Countable basis but uncountably many connected components

Looking for some guidance on two topology questions:

(a) Show that a locally connected space with a countable basis, has at most countably many connected components.

(b) Give an example when X has countable basis but it has uncountable many connected components.

Mainly stuck on (b). I think I understand why this is the case for (a) along the lines that for $d$ in a set $D$ (with a countable basis), given $C_{d}$ a connected component for $d$, the intersection between the set of such countable components, $C$, and $D$ is non-empty i.e. $C \cap D \neq \emptyset$, but this means that, by the countability of $D$'s basis, we cannot have uncountably many connected components (elements in the intersection). For (b) I've been casting about and have seen some references in texts to sets $B_{\rho,\theta}$ which have uncountably many connected components but countably many components that are copies of the Mandelbrot set...but suspect this may be over-complicating.

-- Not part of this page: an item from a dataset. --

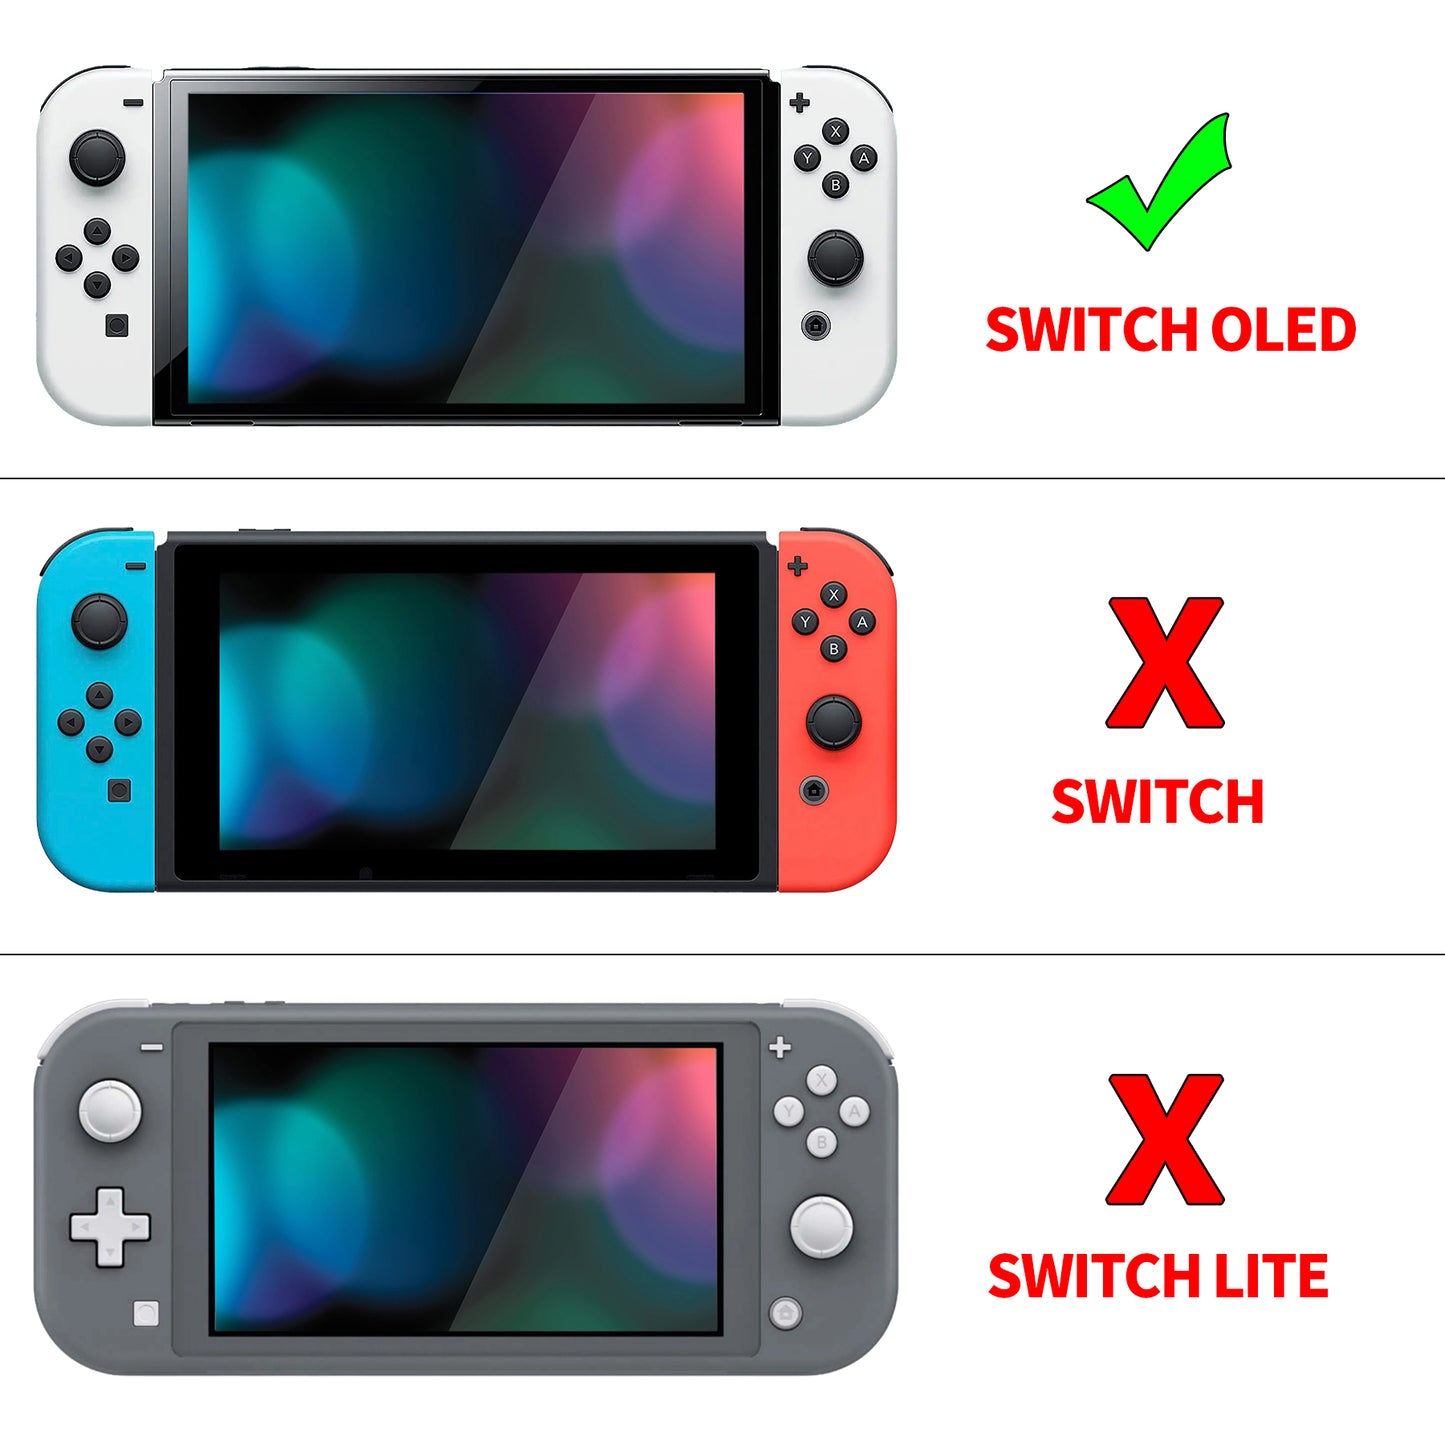 PlayVital ZealProtect Soft Protective Case for Switch OLED, Flexible Protector Joycon Grip Cover for Switch OLED with Thumb Grip Caps & ABXY Direction Button Caps - Slate Gray - XSOYM5011 playvital

• Every subspace of a space with a countable basis is also second countable. $\mathbb{R}$ for example has a countable basis. Can you find a subspace of $\mathbb{R}$ with uncountably many connected components? – Daniel Fischer May 27 '14 at 12:18
• Would the Cantor set suffice - each point consists of a single point that is connected (it is totally disconnected because its connected components are single points, but each such point remains a connected component) but there are uncountably many of them? – PistolsAtDawn May 27 '14 at 13:10
• It would suffice. But $\mathbb{R}\setminus\mathbb{Q}$ is an even simpler example. – Daniel Fischer May 27 '14 at 13:12
• Ok thanks for your suggestions – PistolsAtDawn May 27 '14 at 13:16

As to (1), let $D$ be a countable dense subset of $X$. In a locally connected space $X$, all components $C_x$ of a point $x \in X$ are open sets, and different components are disjoint.
Every distinct component contains a point of $D$ (as components are open and $D$ is dense), and this defines an injective function from the set of all different components into $D$, so the set of components is at most countable.